→ Material provided:

::::::::::

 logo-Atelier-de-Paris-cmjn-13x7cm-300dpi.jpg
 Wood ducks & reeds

::::::::::

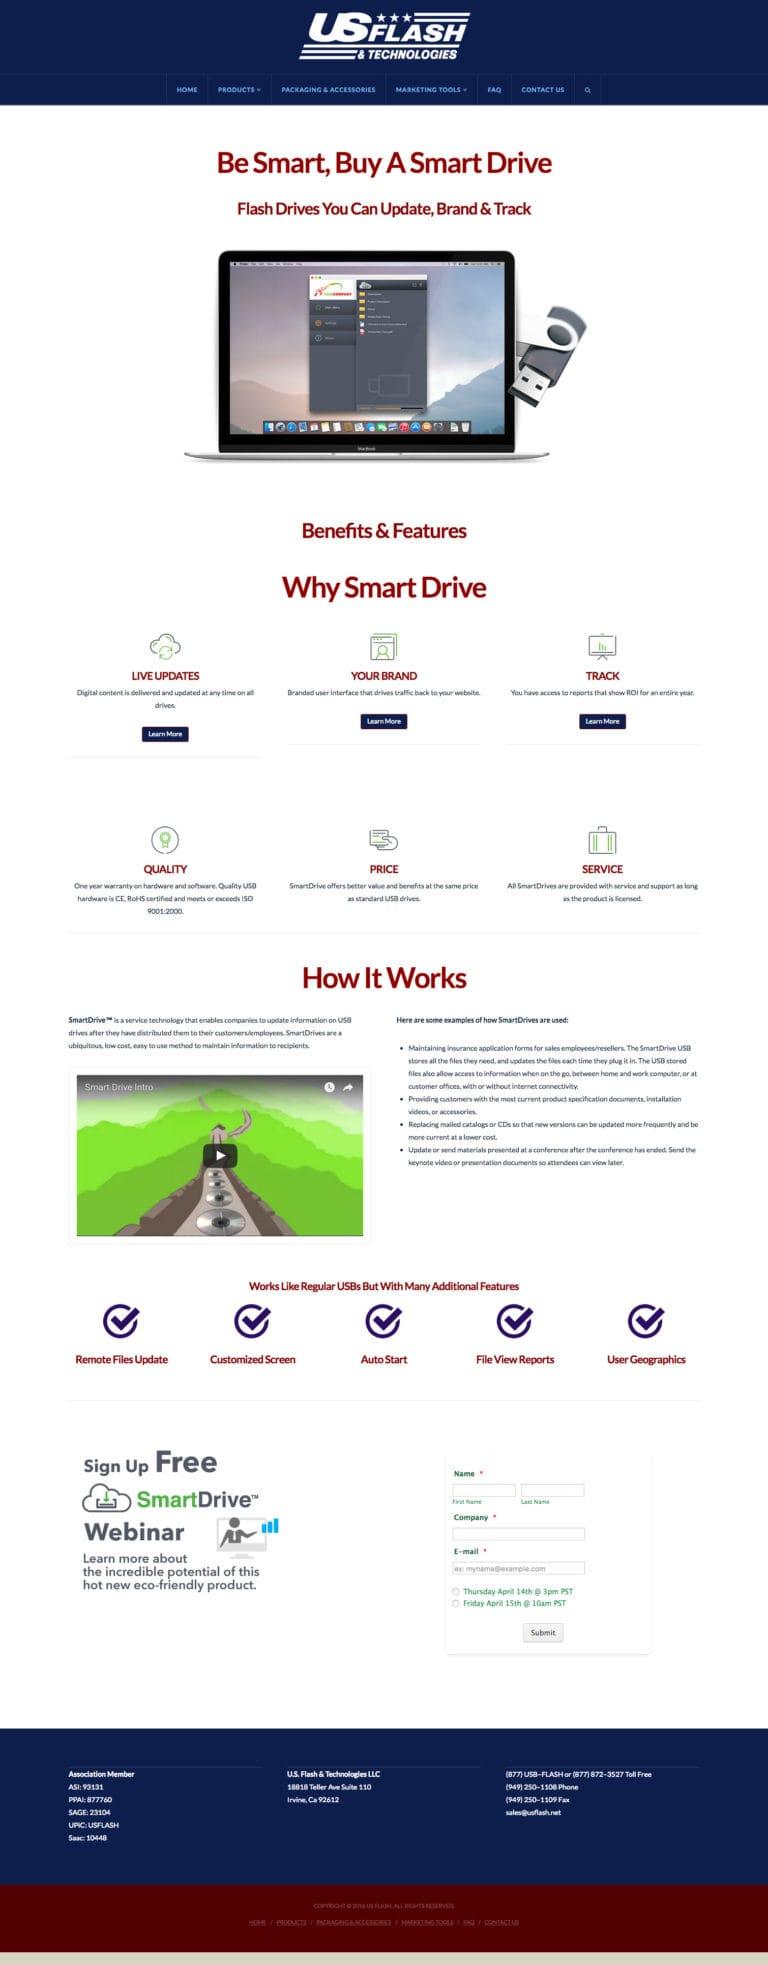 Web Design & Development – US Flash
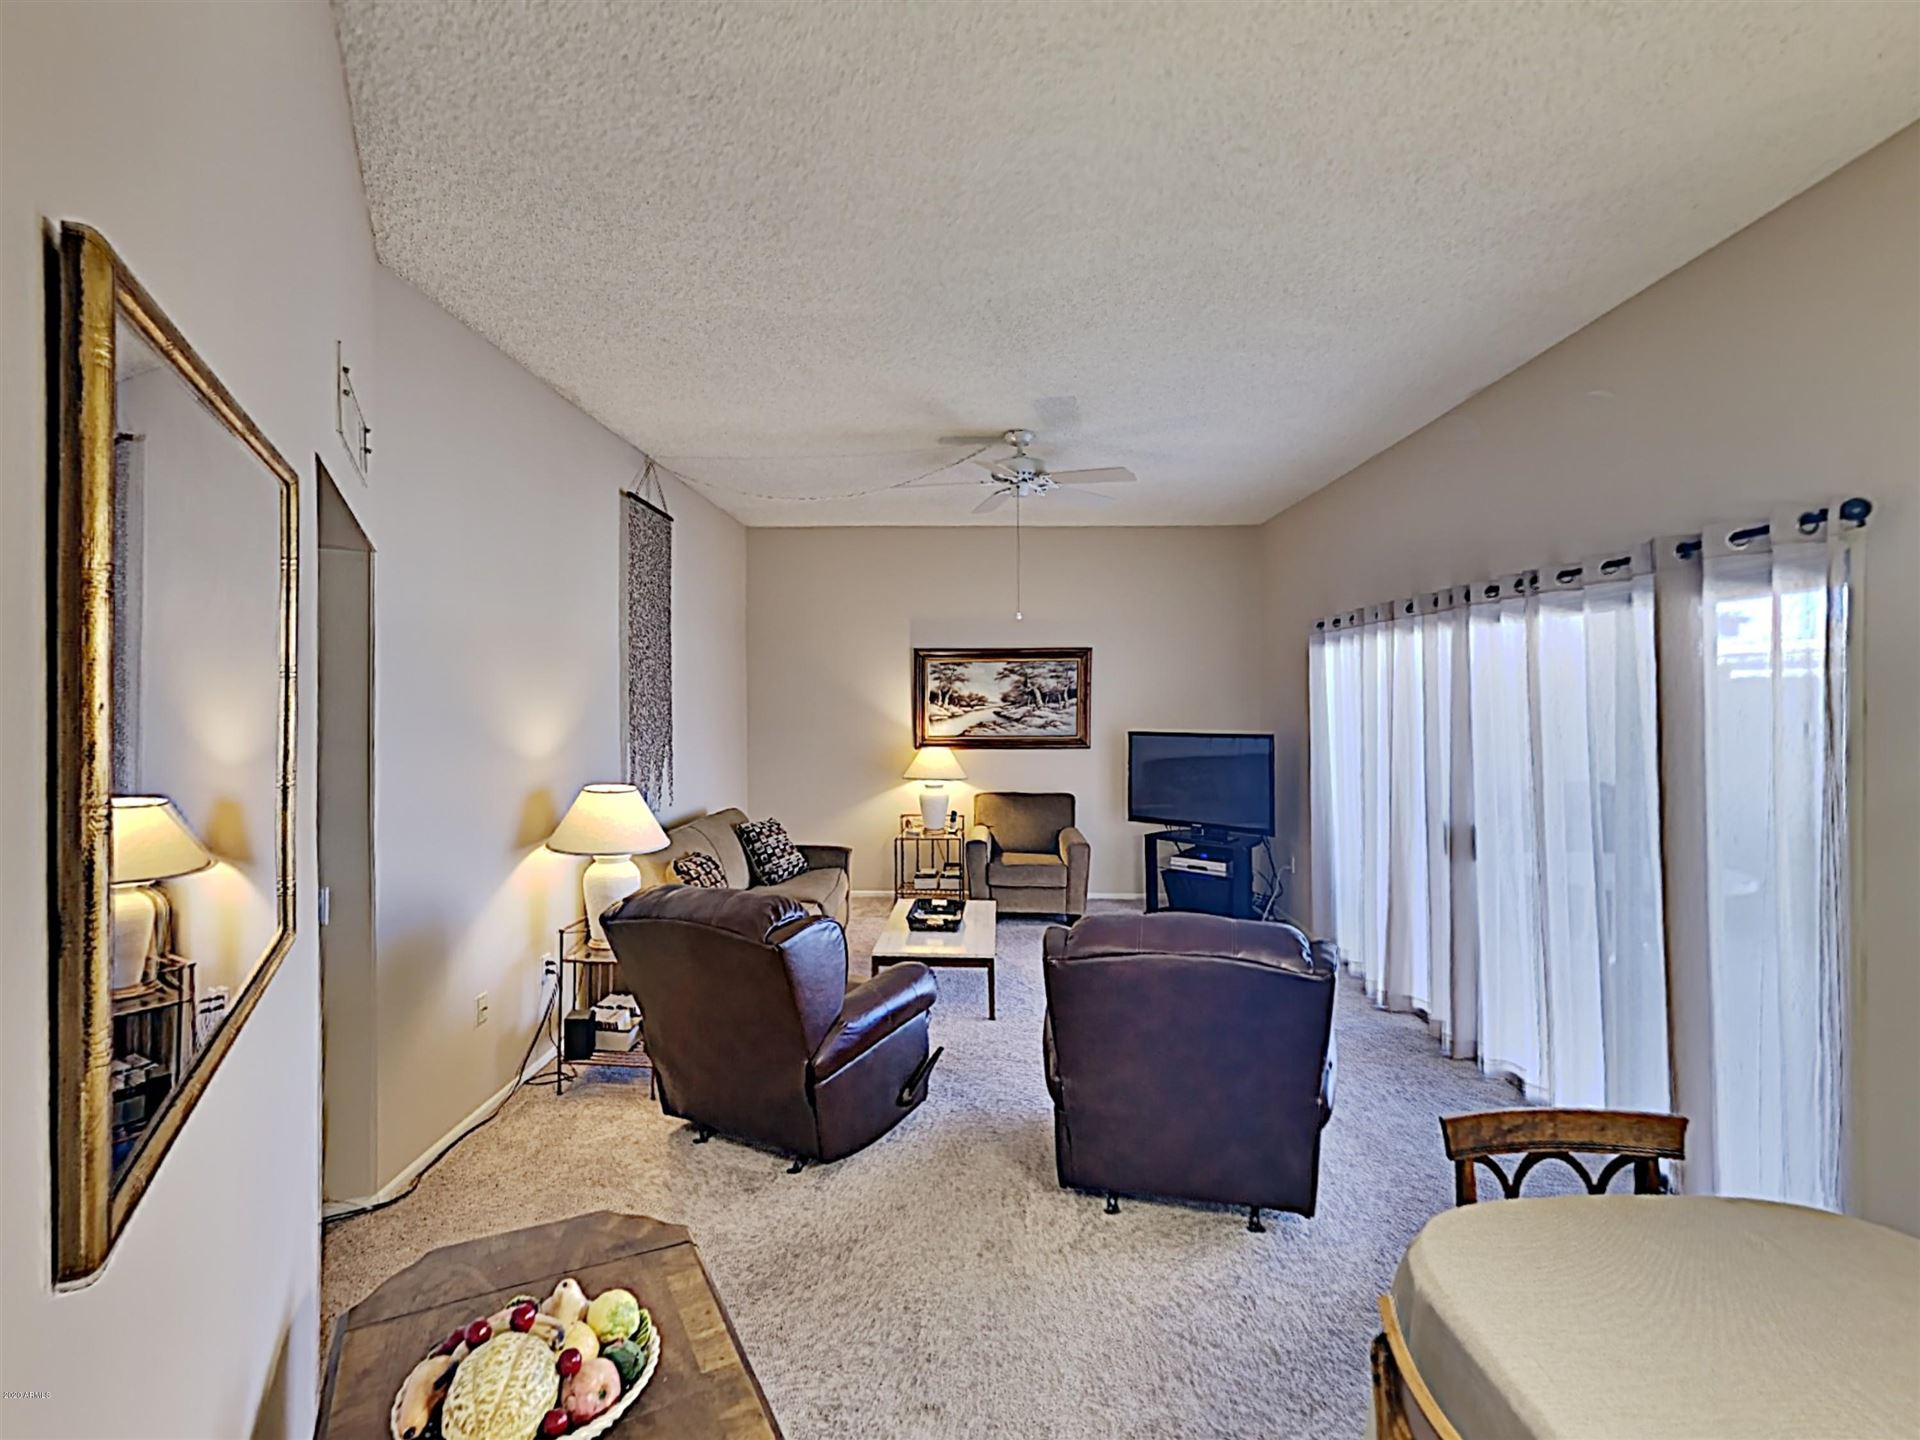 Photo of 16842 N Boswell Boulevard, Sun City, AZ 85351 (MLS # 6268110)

::::::::::

→ Exercise details: Please transcribe only the lines in the records above running from the line that has "logo-Atelier-de-Paris-cmjn-13x7cm-300dpi.jpg" through the line that has "Wood ducks & reeds", both included, exactly as they appear.

→ Your solution:
 logo-Atelier-de-Paris-cmjn-13x7cm-300dpi.jpg
 Wood ducks & reeds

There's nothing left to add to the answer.